[Collection entries]
◆ ◆ ◆ ◆ ◆

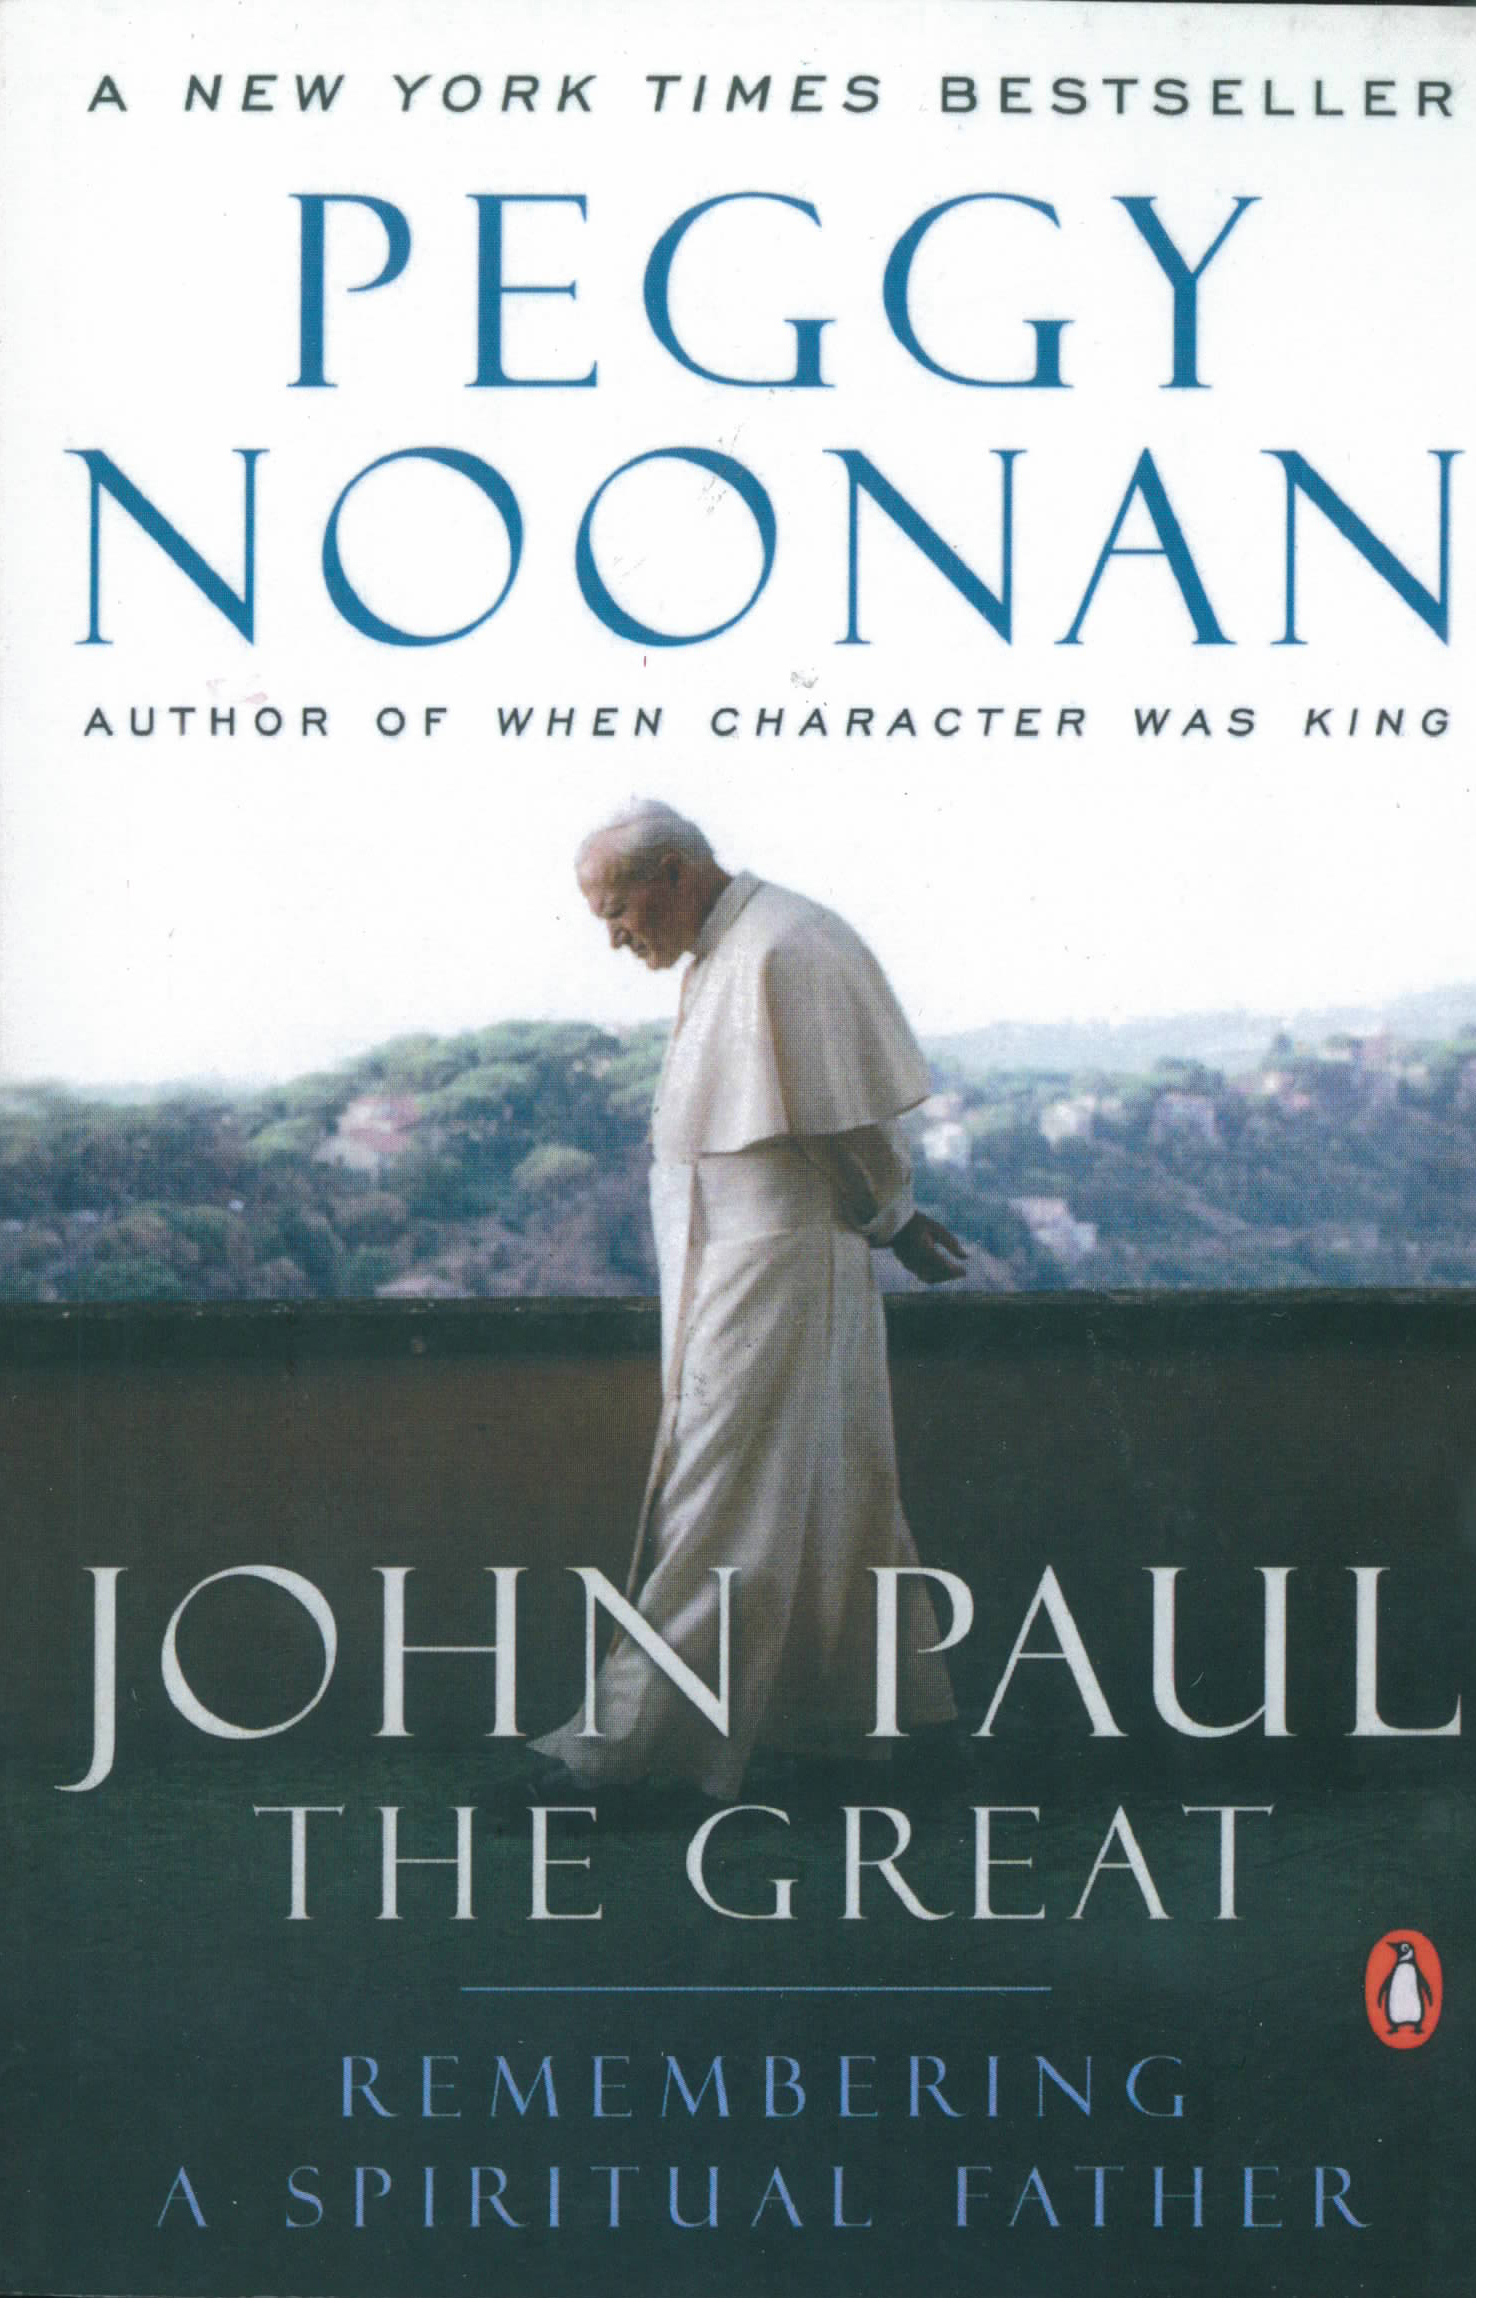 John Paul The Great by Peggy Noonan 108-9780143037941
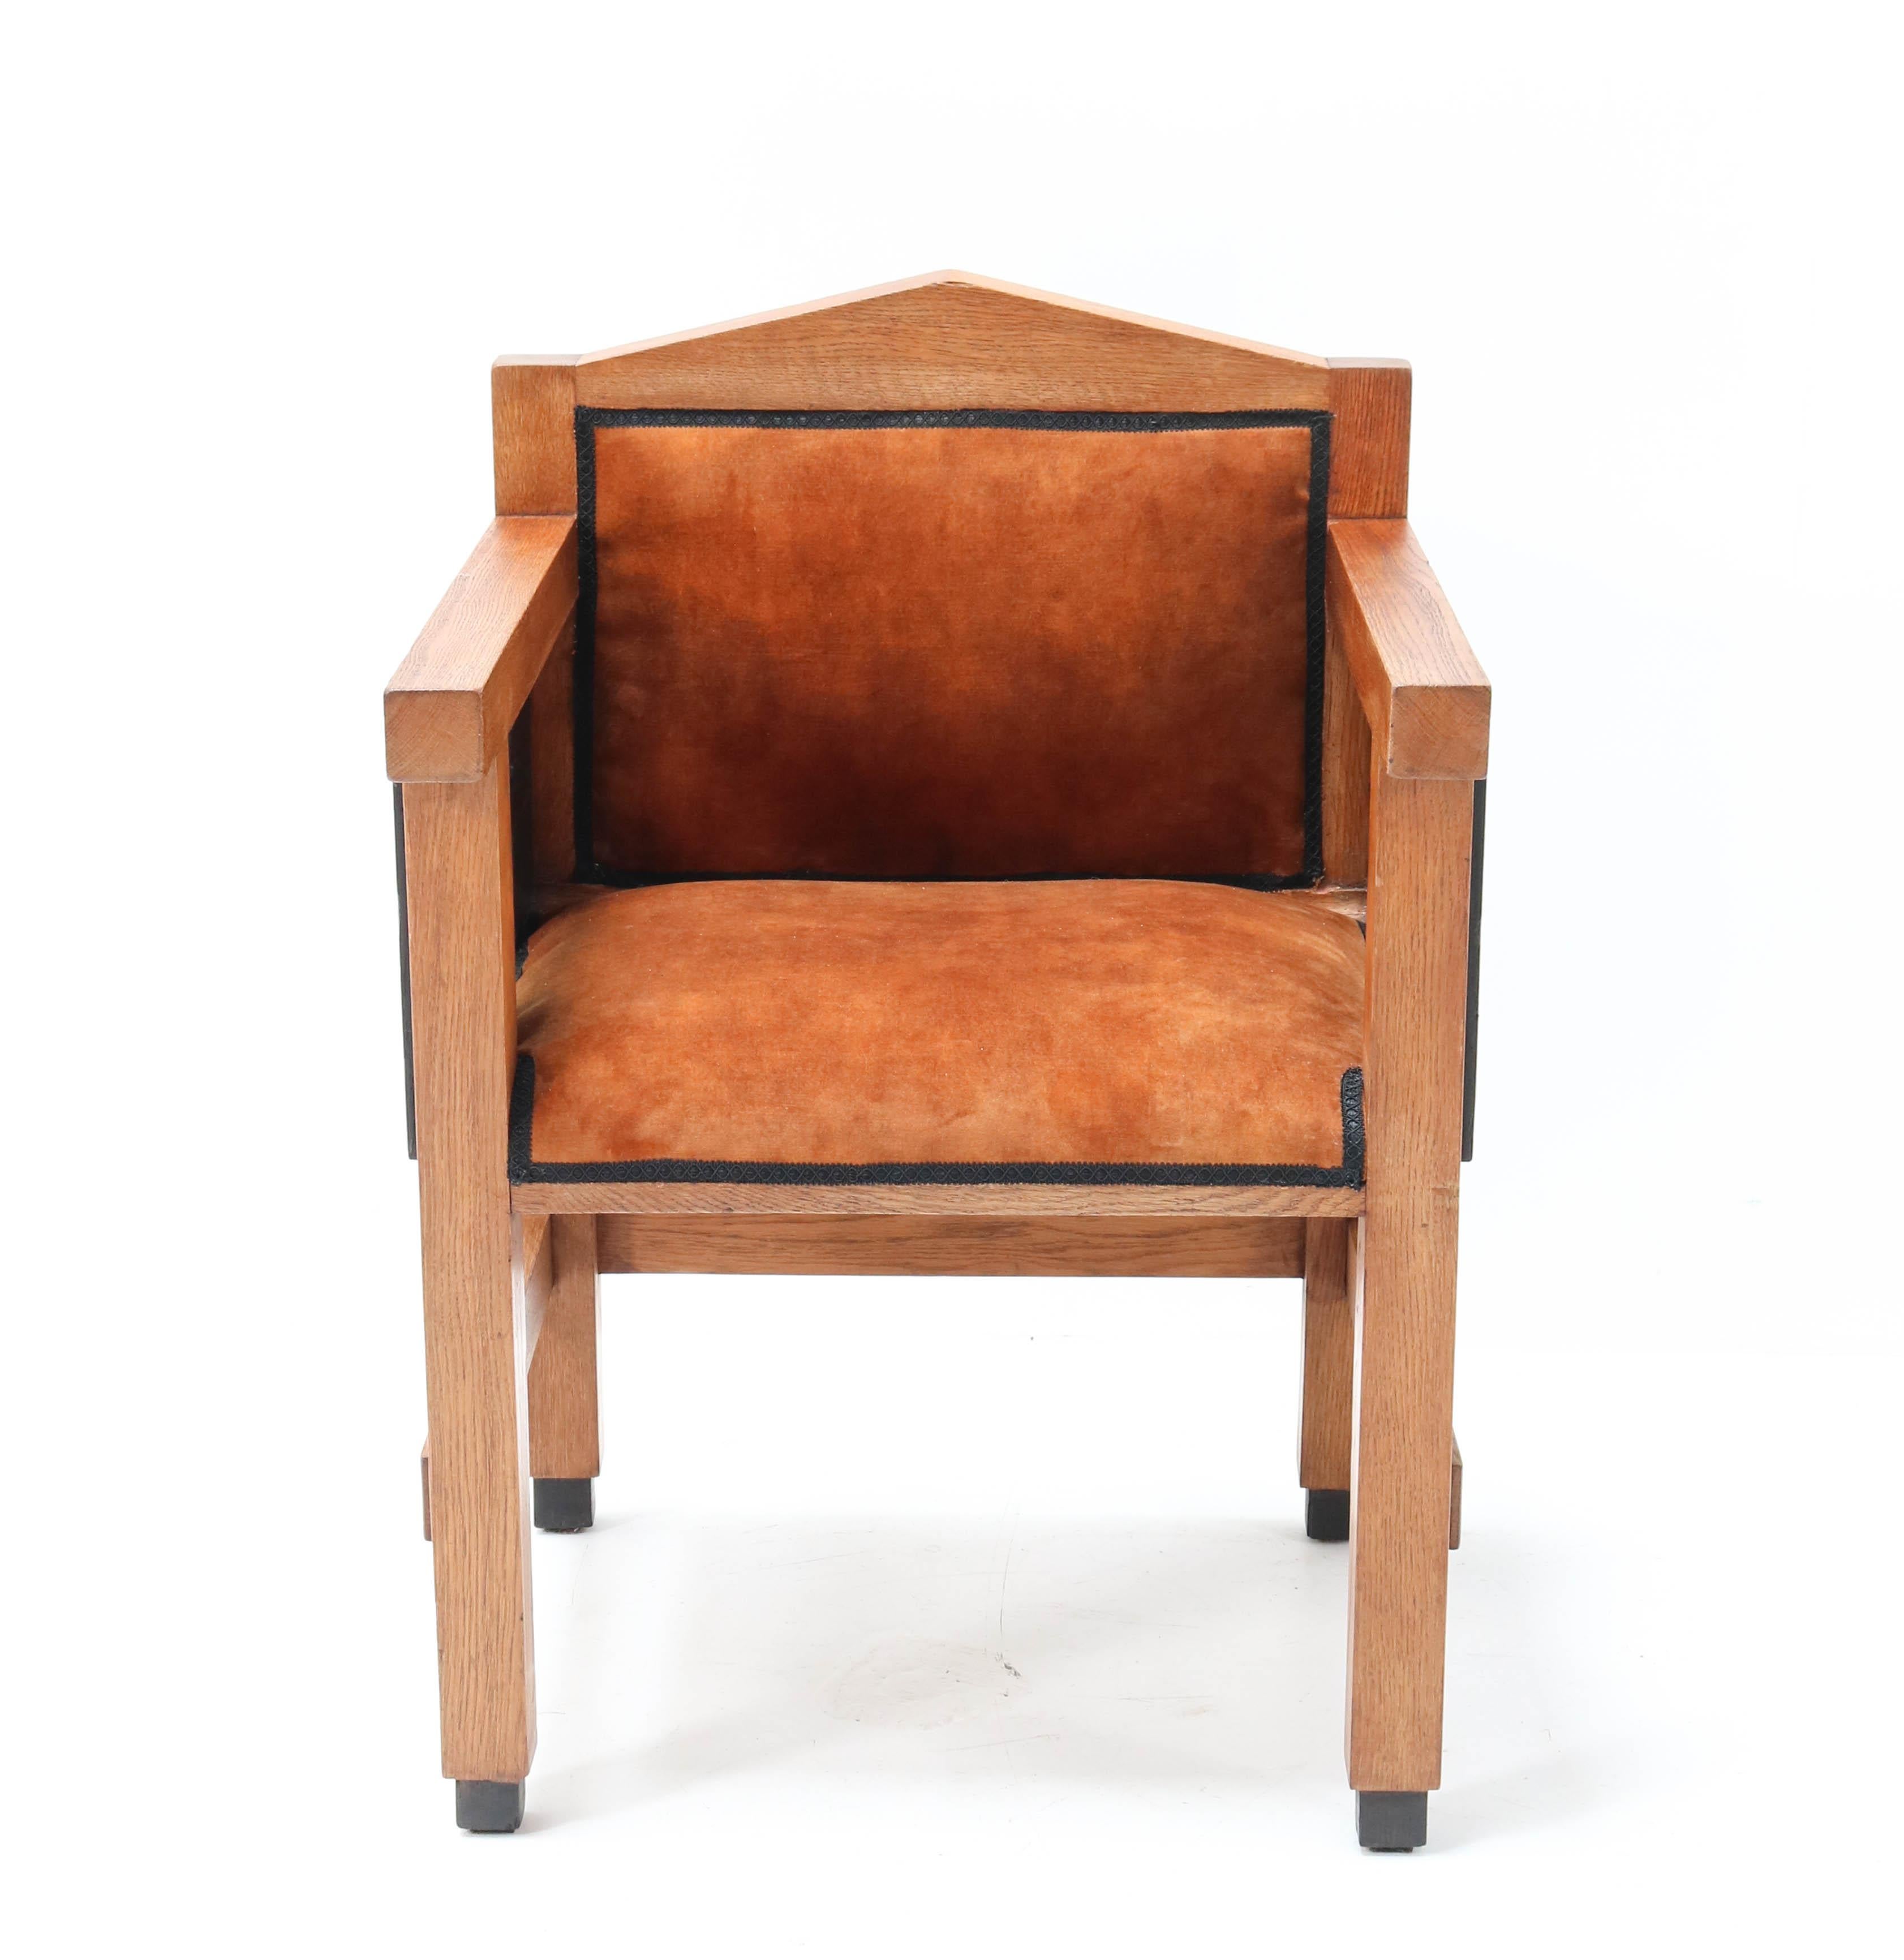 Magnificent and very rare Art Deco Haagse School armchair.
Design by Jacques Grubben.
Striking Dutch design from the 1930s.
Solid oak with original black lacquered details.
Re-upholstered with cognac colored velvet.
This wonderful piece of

◆ ◆ ◆ ◆ ◆

→ **The problem**: Please restate the entries word for word. Skip the pictures.

→ **Finished task**:
 John Paul The Great by Peggy Noonan 108-9780143037941
 Magnificent and very rare Art Deco Haagse School armchair.
Design by Jacques Grubben.
Striking Dutch design from the 1930s.
Solid oak with original black lacquered details.
Re-upholstered with cognac colored velvet.
This wonderful piece of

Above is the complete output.